The European Union has officially approved the Artificial Intelligence Act, a comprehensive set of rules to regulate the activities of technology companies. The new law, which took two years to draft, bans certain uses of AI and imposes strict requirements on the activities of developers.
The EU has taken a decisive step in regulating artificial intelligence by passing a comprehensive AI Act after two years of discussions. This legislation, which officially comes into force on 1 August 2024, sets a strict framework for the development and application of artificial intelligence technologies throughout the EU. The deadline for implementation of this law is February 2, 2025, after which technology companies must stop using applications that threaten the rights of citizens, The Verge reports. The full text of the law is published on the official EU website.
The new law prohibits certain uses of AI. In particular, the use of applications that threaten the rights of citizens, such as biometric categorization to determine sexual orientation or religion, is prohibited. The unauthorized retrieval of images of individuals from the Internet or recordings from surveillance cameras is also prohibited.
Developers of AI systems will also need to be transparent about how their technology works, including providing summaries of the data used to train systems. Nine months after the law comes into force, companies will have codes of practice, consisting of a set of rules describing compliance requirements, benchmarks, key performance indicators, etc. It also introduces the concept of “universal artificial intelligence systems,” such as chatbots, which will have to respect copyright and be transparent about their algorithms.

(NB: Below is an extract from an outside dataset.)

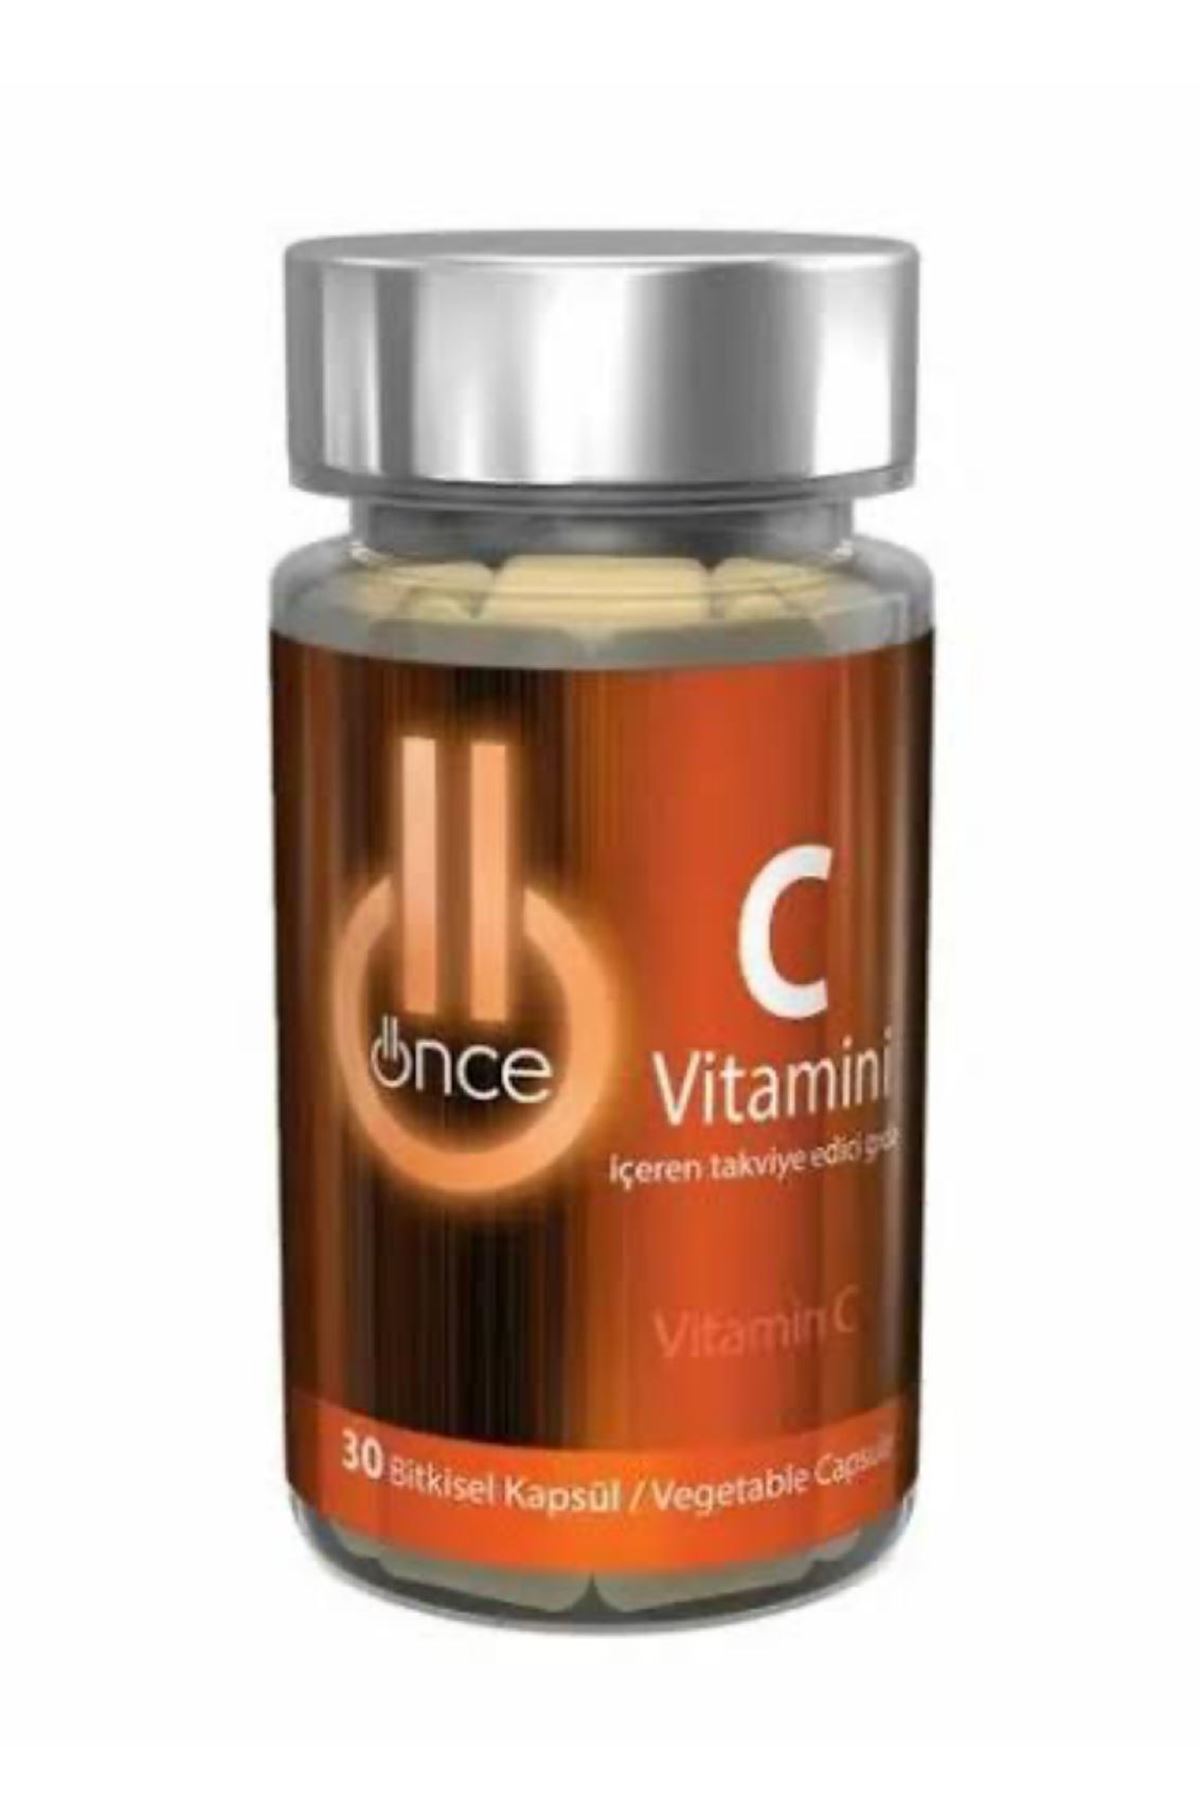 Önce C Vitamini İçeren Takviye Edici Gıda 30 Kapsül
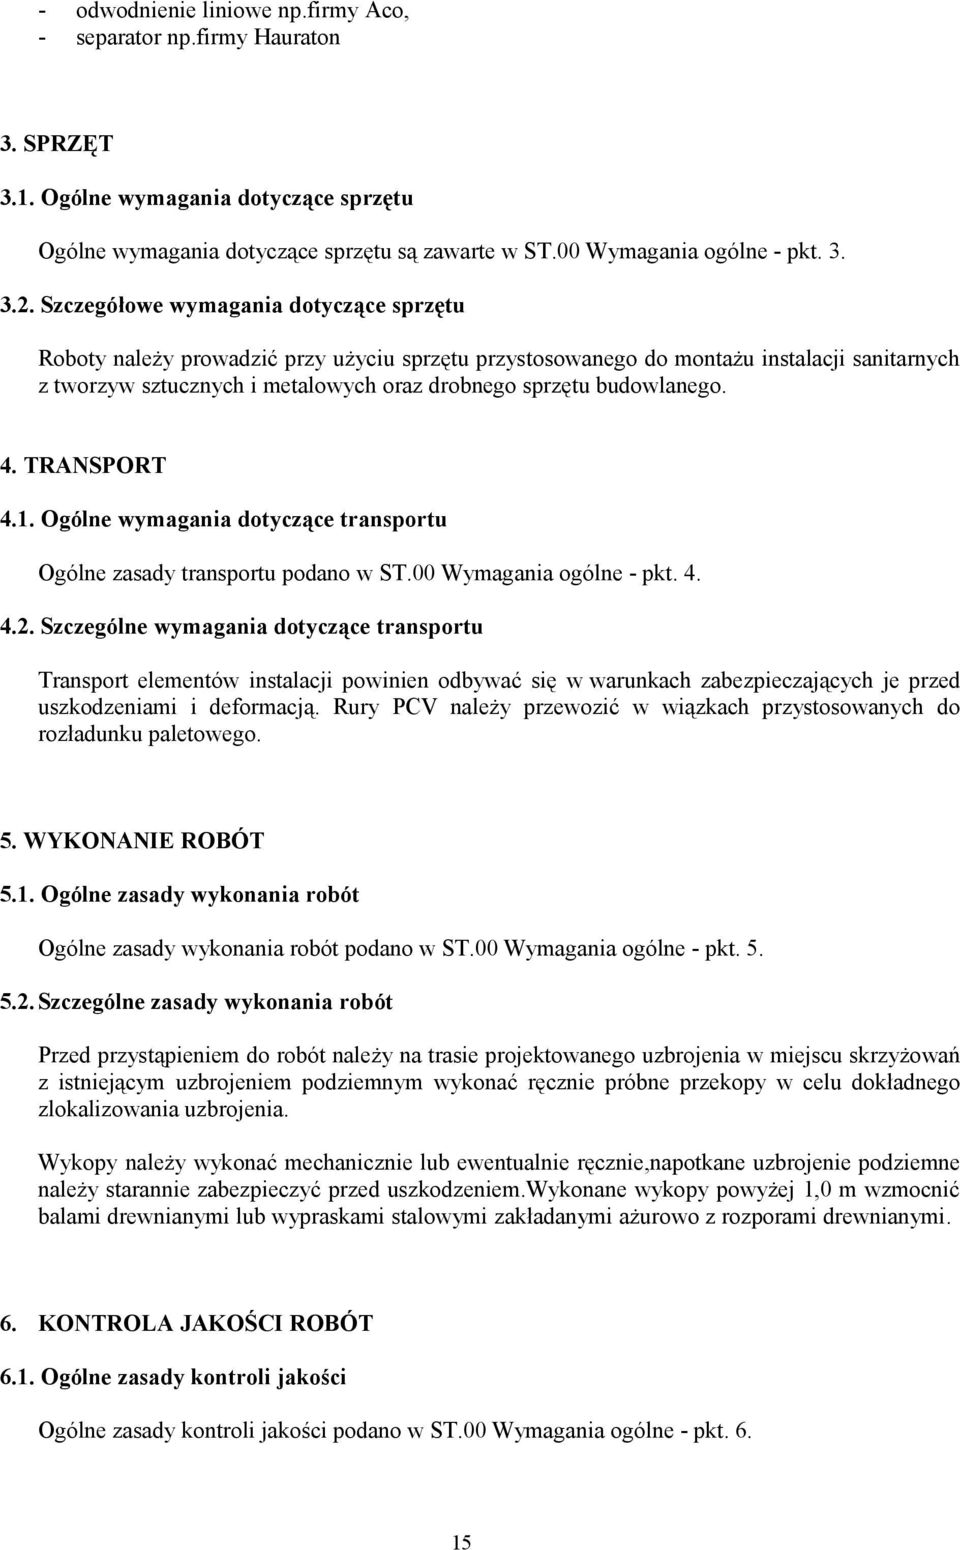 budowlanego. 4. TRANSPORT 4.1. Ogólne wymagania dotyczące transportu Ogólne zasady transportu podano w ST.00 Wymagania ogólne - pkt. 4. 4.2.

Compliance deadlines state that most rules must be implemented by August 2026, but some high-risk AI systems integrated into critical infrastructure or impacting employment, healthcare, and justice have a longer compliance deadline of August 2027. .
Failure to comply with the AI Act will result in severe fines. Violating prohibitions on certain uses of AI will result in a fine of 35 million euros (about $38 million) or 7% of the violating company’s global annual revenue, whichever is greater. Other violations entail smaller fines, but still significant.